Тут базилевс вздрогнул и отвлекся от мыслей – врач что-то говорил, губы ужимались бледными червяками.

– Простите, не расслышал… – буркнул базилевс (до сих пор из него это «простите» лезло, отрыжка бедной юности, а ведь прощать тут может только он, а уж никак не его).

– Аквариум протек, рыбки улетели? – ерничал врач, с любопытством озирая большой стеклянный параллелепипед в углу кабинета.

Базилевс хищно обрадовался: вот случай сбить спесь с дурака.

– Это не рыбки, – отвечал любезно, – это дракон.

Да, ему нравилось такое – с высоты его положения проявить вежливость, любезность, за которой черной пропастью покачивалась дикая ярость, способная уничтожить полмира.

Но доктор не знал этого, принимал все за чистую монету, за так и надо. И сейчас тоже искренне удивился, повернулся, навел воображаемый лорнет.

– Дракон? Какой дракон? Буквально или, я извиняюсь… как символ государственной власти?

– И символ тоже… Но вообще-то обычный, с Комодо. Так сказать, драко натуралис, хе-хе…

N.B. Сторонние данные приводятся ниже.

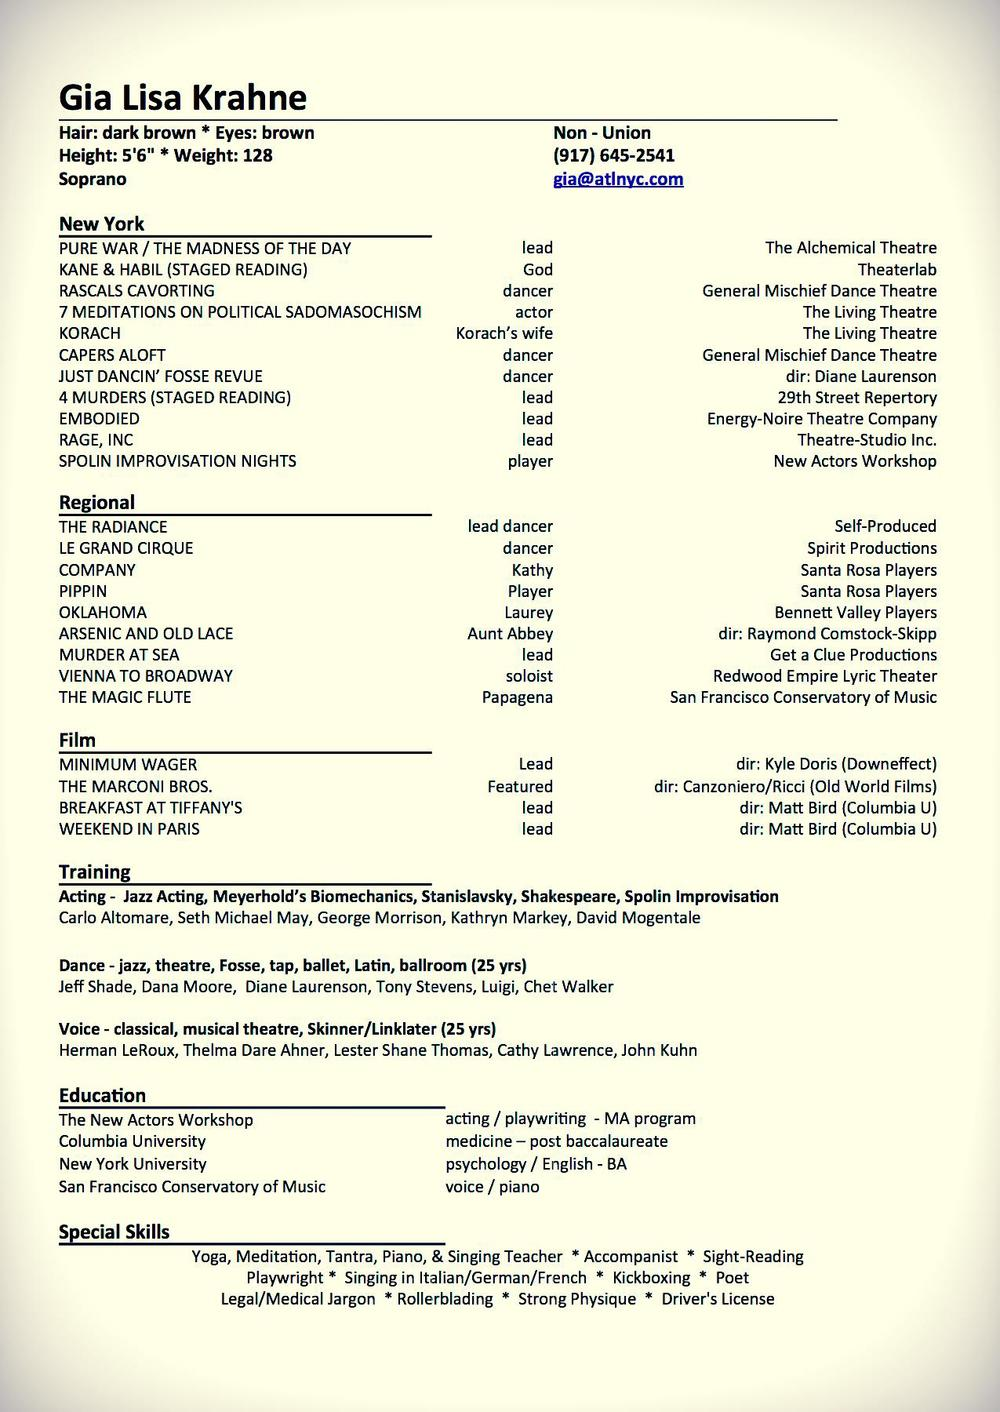 Theatre Resume 2013.jpg

Тут сухому докторскому воображению неизвестно почему представились болотного цвета жилистые крылья, длинная морда с неправильным прикусом, холодный рыбий глаз. Он поежился.

– Где же он сейчас, ваш символ?

– Погулять вышел… Гуль-гуль, ням-ням, понимаете? Освежиться, закусить…

На лице доктора отразился легкий ужас. Базилевс злорадно отметил, что бледен стал лекарь, прежде розовый, яко пупс.

– Да вы не бойтесь, – милостиво выговорил потентат. – Ничего с ним не будет, с драконом. Во дворце предупреждены, никто его не тронет… Освежится и вернется.

Доктор шутку не оценил, насупился, сухо перешел к опросу, провел визуальный осмотр, постукал в грудь, заставил дышать – не дышать. Затем измерил давление, и, наконец, добрался до температуры.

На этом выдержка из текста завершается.